This notebook contains an example for a Product2Vec data streamer (steps 1 and 2 of P2V-MAP) that generates a batch of center products, context products and negative samples of size $B$.

1. `DataStreamerP2V` produces batches of P2V-MAP samples
1. `NegativeSamplesGenerator` produces negative samples
1. The notebook uses the two classes to produce a batch of training samples

In [1]:
import collections
import itertools
from typing import Tuple

import numpy as np
import pandas as pd

In [2]:
class DataStreamerP2V:
    """
    Class for generating P2V training samples
        generate_batch: produce a batch of training samples
        reset_iterator: reset data streamer and empty sample cache
    """

    def __init__(
        self,
        data: pd.DataFrame,
        variable_basket: str,
        variable_product: str,
        batch_size: int = 8_192,
        shuffle: bool = True,
        n_negative_samples: int = 0,
        power: float = 0.75,
        allow_context_collisions: bool = False,
    ):
        """
        Initialize P2V data streamer
            data: must contain `variable_basket` and `variable_product`
            variable_basket: basket identifier in `data`
            variable_product: product identifier in `data`
            batch_size: size of a single batch
            shuffle: shuffle data when resetting streamer
            n_negative_samples: number of negative samples per positive sample
            power: distortion factor for negative sample generator
            allow_context_collisions: allow that an id is a positive and a negative sample at the same time
        """
        self.batch_size = batch_size
        self.shuffle = shuffle
        self.cached_samples = []
        self.basket_list = self._basket_df_to_list(
            x=data, variable_basket=variable_basket, variable_product=variable_product
        )
        self.reset_iterator()
        self.produce_negative_samples = n_negative_samples > 0
        if self.produce_negative_samples:
            self.allow_context_collisions = allow_context_collisions
            self.negative_samples_generator = NegativeSamplesGenerator(
                data=data,
                n_negative_samples=n_negative_samples,
                batch_size=self.batch_size,
                power=power,
                variable_product=variable_product,
            )

    def generate_batch(self) -> Tuple[np.ndarray, np.ndarray, np.ndarray]:
        """
        Produce a batch of training samples containing center products, context products, and negative samples
        """
        # fill cache
        self._fill_cache()

        # generate skip-gram pairs
        output_array = np.asarray(self.cached_samples[: self.batch_size])
        self.cached_samples = self.cached_samples[self.batch_size :]
        center = output_array[:, 0, 0].astype(np.int64)
        context = output_array[:, 1, 0].astype(np.int64)

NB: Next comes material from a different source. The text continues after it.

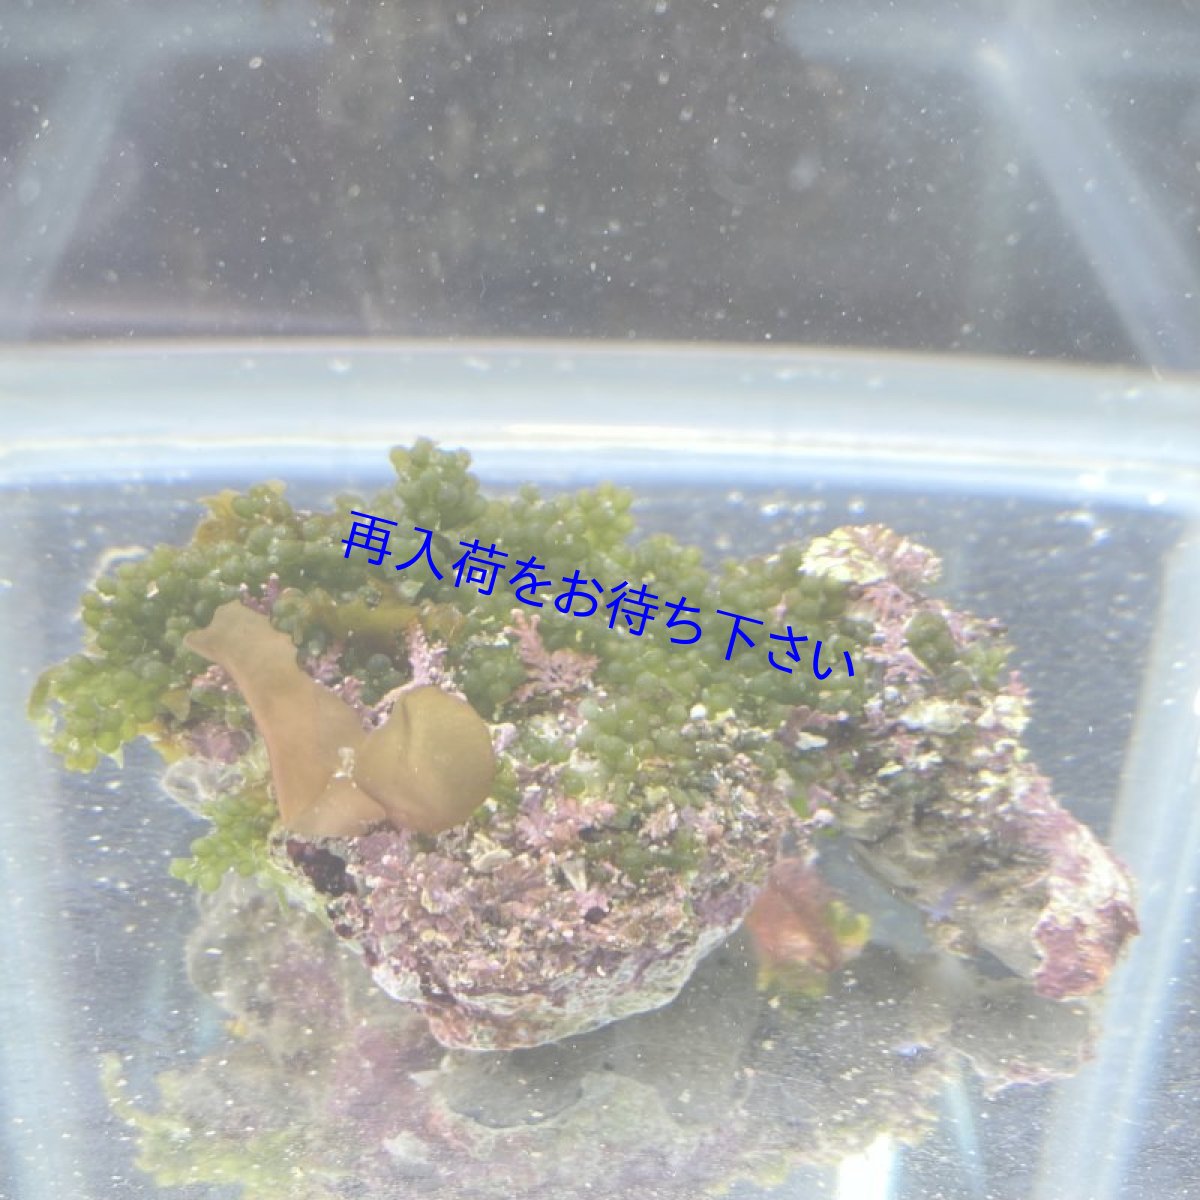 画像1: 【岩付き海藻】フサイワズタ (1)

        # add negative samples
        if self.produce_negative_samples:
            if self.allow_context_collisions:
                negative_samples = (
                    self.negative_samples_generator.get_negative_samples()
                )
            else:
                negative_samples = self.negative_samples_generator.get_negative_samples(
                    context
                ).T
        else:
            negative_samples = np.empty(shape=(2, 0))

        # return
        return center, context, negative_samples

    def reset_iterator(self) -> None:
        """
        Reset data streamer and empty sample cache
        """
        if self.shuffle:
            np.random.shuffle(self.basket_list)
        self.basket_iterator = self._basket_iterator(self.basket_list)
        self.cached_samples = []

    def _basket_df_to_list(self, x, variable_basket, variable_product):
        """
        Turn a basket dataframe into a list of baskets
        """
        x_basket_values = (
            x[[variable_basket, variable_product]].sort_values([variable_basket]).values
        )
        keys = x_basket_values[:, 0]
        ukeys, index = np.unique(keys, True)
        return np.split(x_basket_values[:, 1:], index)[1:]

    def _basket_iterator(self, basket_list):
        """
        Iterator yielding single baskets
        """
        for basket in basket_list:
            yield basket

    def _fill_cache(self):
        """
        Fill sample cache with center-context pairs
        """
        fill_cache = len(self.cached_samples) < self.batch_size
        while fill_cache:
            try:
                new_basket = next(self.basket_iterator, None)
                self.cached_samples.extend(itertools.permutations(new_basket, 2))
            except:
                fill_cache = False
            if len(self.cached_samples) >= self.batch_size:
                fill_cache = False


class NegativeSamplesGenerator:
    """
    Class for generating negative samples
        get_negative_samples: produce negative samples
    """

    def __init__(
        self,
        data: pd.DataFrame,
        n_negative_samples: int,
        batch_size: int,
        power: float = 0.75,
        variable_product: str = "product",
    ) -> None:
        """
        Initialize negative samples generator (for given positive samples)
            data: basket data, must contain `variable_basket` and `variable_product`
            n_negative_samples: number of negative samples per positive sample
            batch_size: size of a single batch
            power: distortion factor for negative sample generator
            variable_product: product identifier in `data`
        """

        self.n_negative_samples = n_negative_samples
        self.batch_size = batch_size
        self.power = power
        self.n_draws = self.batch_size * self.n_negative_samples
        self.variable_product = variable_product
        self.domain = (2 ** 31 - 1,)
        self._build_product_counts(data)
        self._build_cumulative_count_table()
        self.products = np.array(list(self.counts.keys()))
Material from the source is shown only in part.